Таких людей, увы, не исправишь. Это еретики, самозабвенно преданные своей ереси. Оставьте их в покое. Но встречаются ораторы, которые еще поддаются исправлению. Ораторы, выступающие действительно экспромтом. Я имею в виду человека, который "не ожидал, что ему дадут слово, и не подготовился" —и тем не менее ковыляет в попискивает, полагая, что непредумышленное преступление ему не поставят в вину. То и дело он заявляет: "не смею вас дольше задерживать", поминутно повторяет: "еще одно слово и я кончаю", — но тут же вспоминает что—либо несущественное и продолжает говорить. Этот человек понятия не имеет, как долго мелет его мельница. Ему нравится ее скрип, вот он и скрипит, и слушает сам себя, и наслаждается, не замечая, как летит время; когда же наконец он садится и заглядывает в закрома, то с величайшим удивлением обнаруживает, как ничтожно мало муки намолол и как бессовестно долго ее перемалывал. Обычно выясняется, что он ничего не сказал, — открытие, неизбежное для неподготовленного оратора, которое, к несчастью, он делает последним из присутствующих. Этого человека еще можно исправить.

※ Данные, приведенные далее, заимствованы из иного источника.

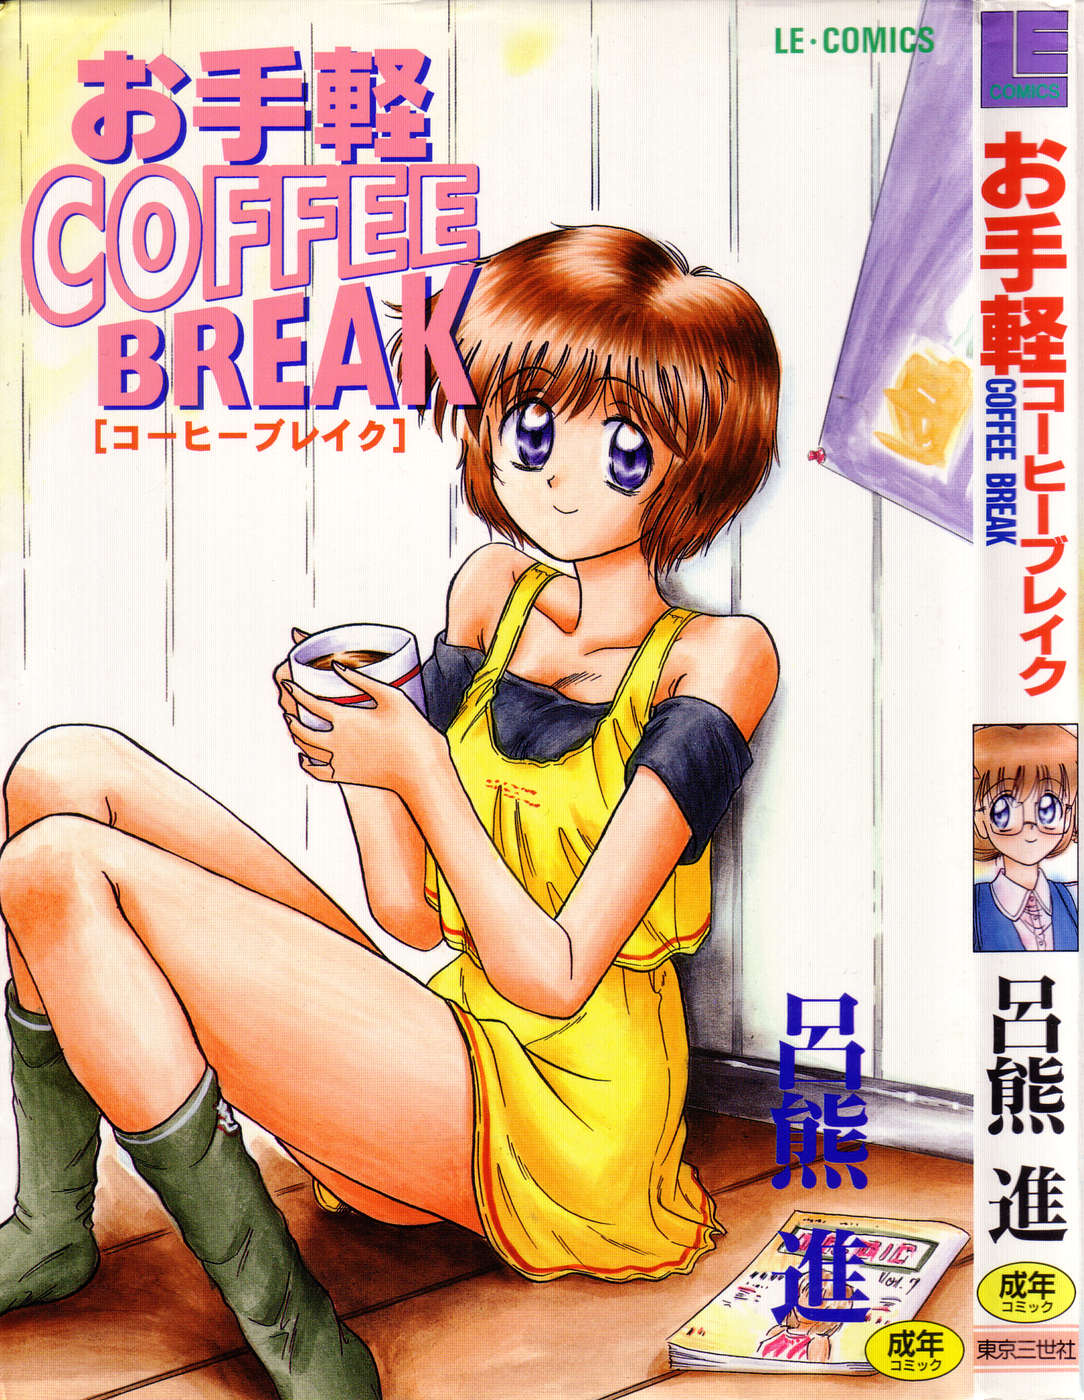 [呂熊進] Coffee break [呂熊進] お手軽コーヒーブレイク

Так же как и его ближайшего родственника, с которым, помнится, мне приходилось встречаться, — оратора, который запасается двумя—тремя вступительными фразами, рассчитывая, что остальные посыплются на него, как манна небесная, и он подхватит их на лету. Как правило, его ждет разочарование. Нетрудно догадаться, где кончается заготовленное им вступление и начинается экспромт. Иногда такое вступление сооружается на самом банкете; оно может состоять из десятки фраз, но чаще их всего две, а еще чаще — это одно—единственное изречение; но оно сразу же показалось таким удачным, ярким, бьющим в точку и остроумным, что создатель его, счастливец, снесший это золотое яичко, удовлетворенно кудахчет над ним, и лелеет его, и полирует, и мысленно потирает руки, представляя себе, как прекрасно все получится, хотя, конечно, лучше бы ему снести не одно яйцо, а несколько, даже полную корзину, если бы повезло; ведь он—то воображает, будто стоит ему произнести вслух свой шедевр, как раздастся такой оглушительный взрыв аплодисментов, что это вдохновит его на новые идеи, облеченные в блестящую форму, и, следовательно, речь, сказанная экспромтом, окажется безмерно прекраснее, чем любая другая, составленная заранее.

Но существуют две опасности, которые он упускает из виду: во—первых, тот исторический факт, что человеку ни за что не дадут слова, когда он на это рассчитывает, и что каждое новое выступление других ораторов все более охлаждает его пыл; во—вторых, он забывает, что немыслимо битый час сидеть и повторять про себя удачное выражение без того, чтобы оно не прискучило и постепенно не потеряло своей прелести.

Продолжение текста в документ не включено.